**REQUIRED WORK:** Please print exactly the lines from the line containing "Roblox Bloxburg Houses" through the end of the data, no more, and keep pictures out of the copy.

**RECORDED INFORMATION:**
_ _ _ _ _ _ _

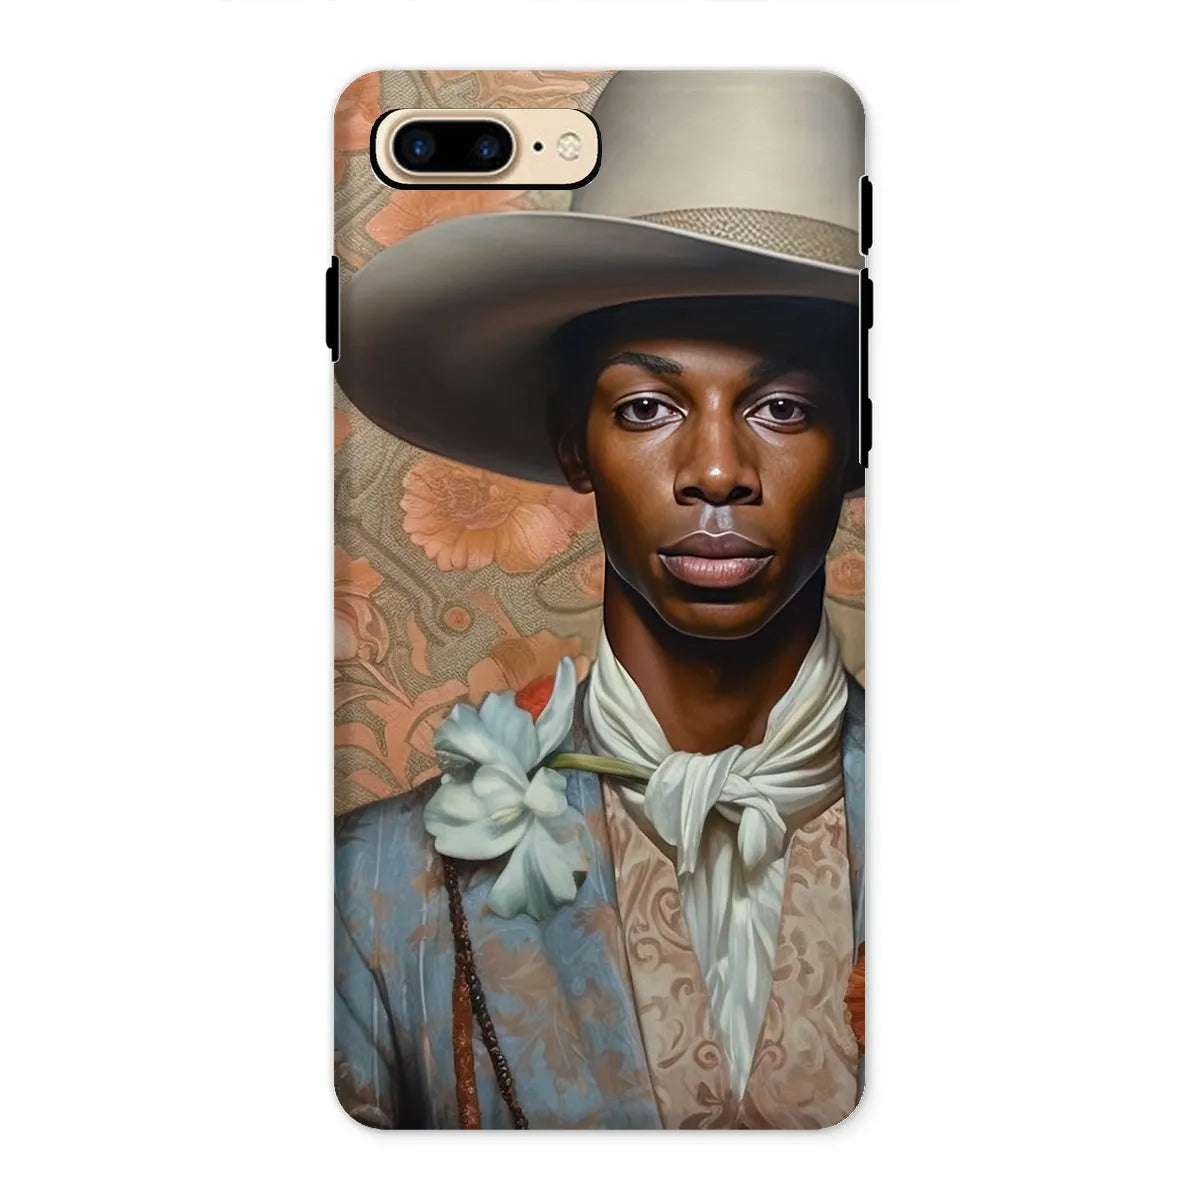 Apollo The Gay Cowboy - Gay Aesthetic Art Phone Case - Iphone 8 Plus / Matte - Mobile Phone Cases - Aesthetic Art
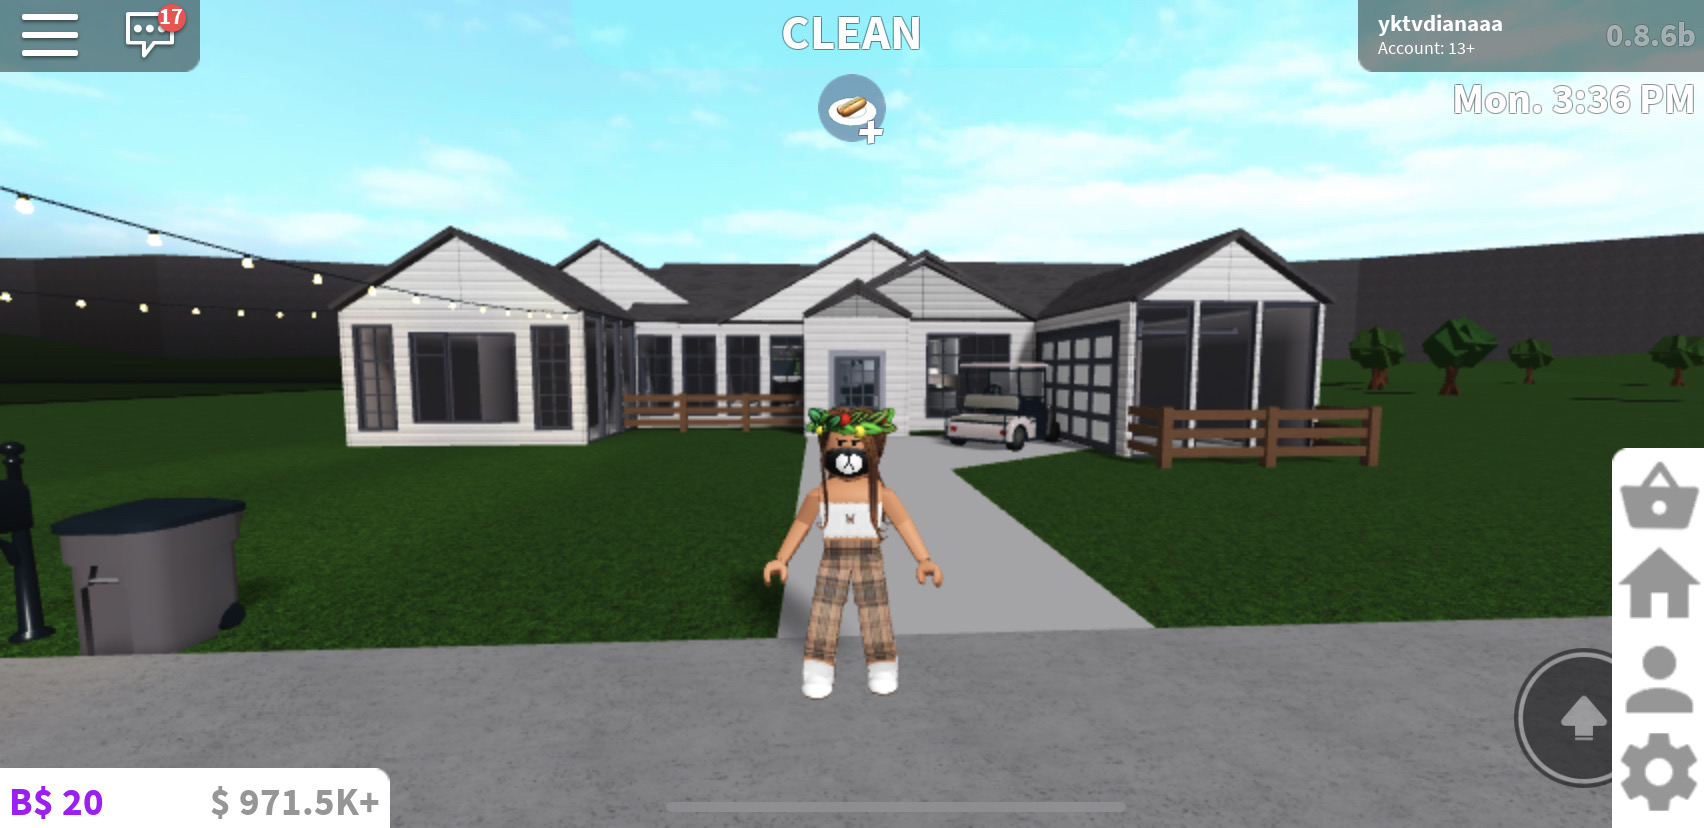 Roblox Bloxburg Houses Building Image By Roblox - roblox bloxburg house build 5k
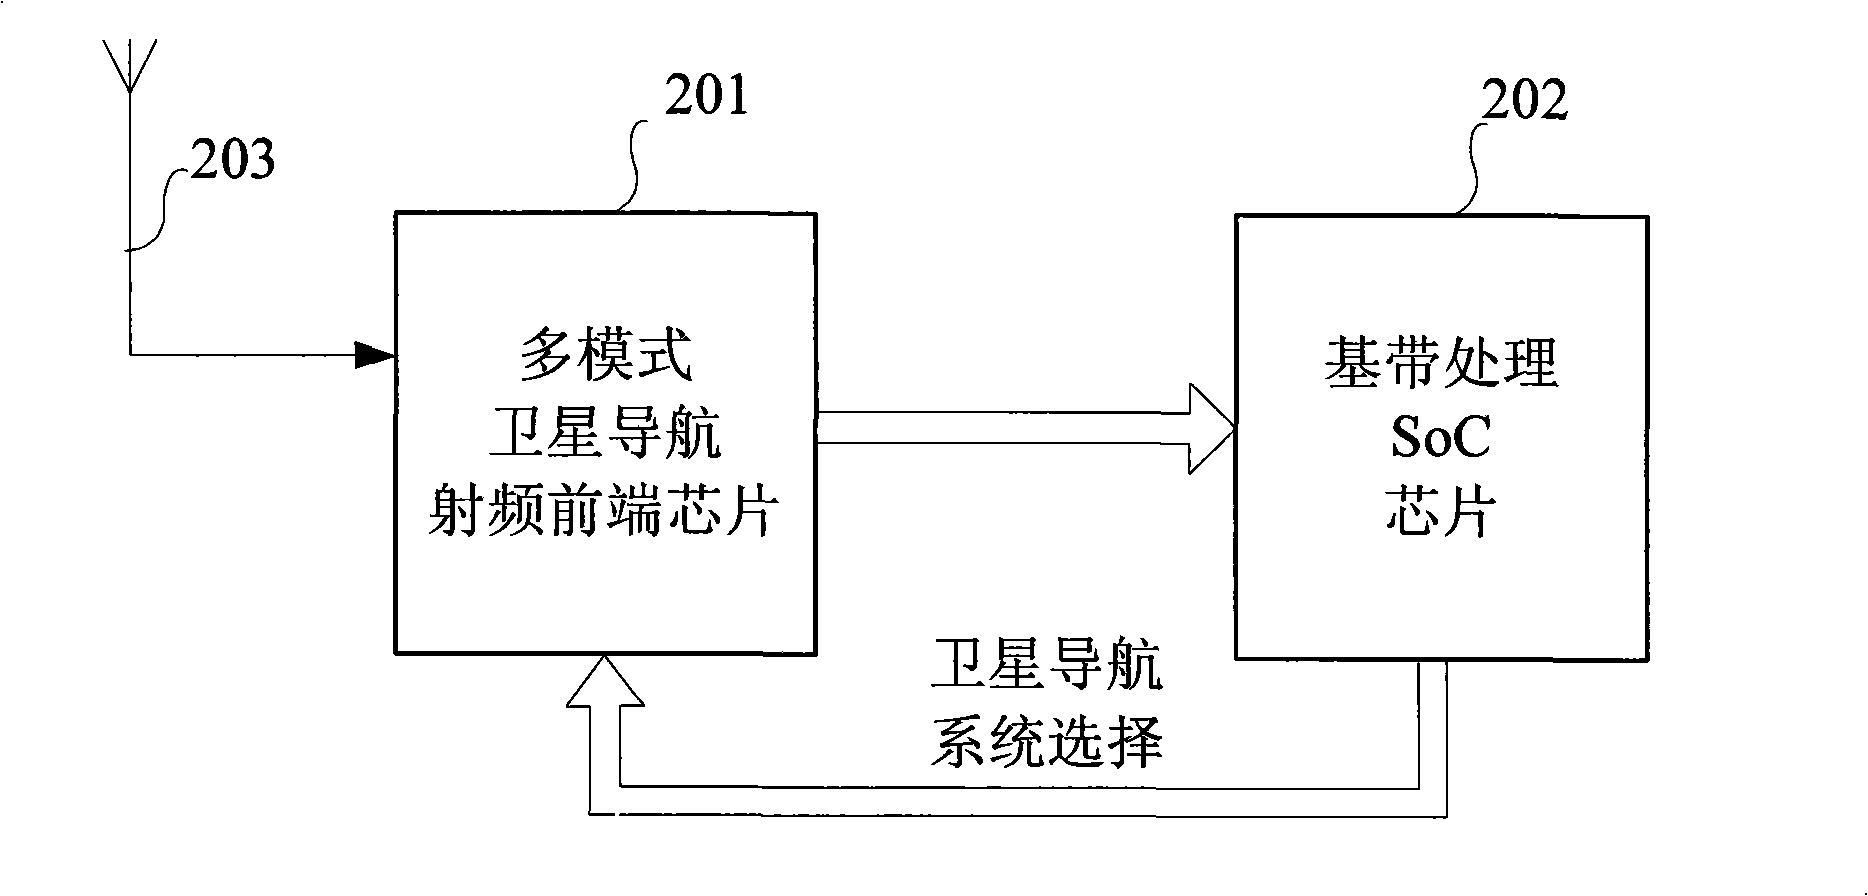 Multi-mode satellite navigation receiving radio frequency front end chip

_ _ _ _ _ _ _

**COMPLETED TASK:**
 Roblox Bloxburg Houses Building Image By Roblox - roblox bloxburg house build 5k
 Multi-mode satellite navigation receiving radio frequency front end chip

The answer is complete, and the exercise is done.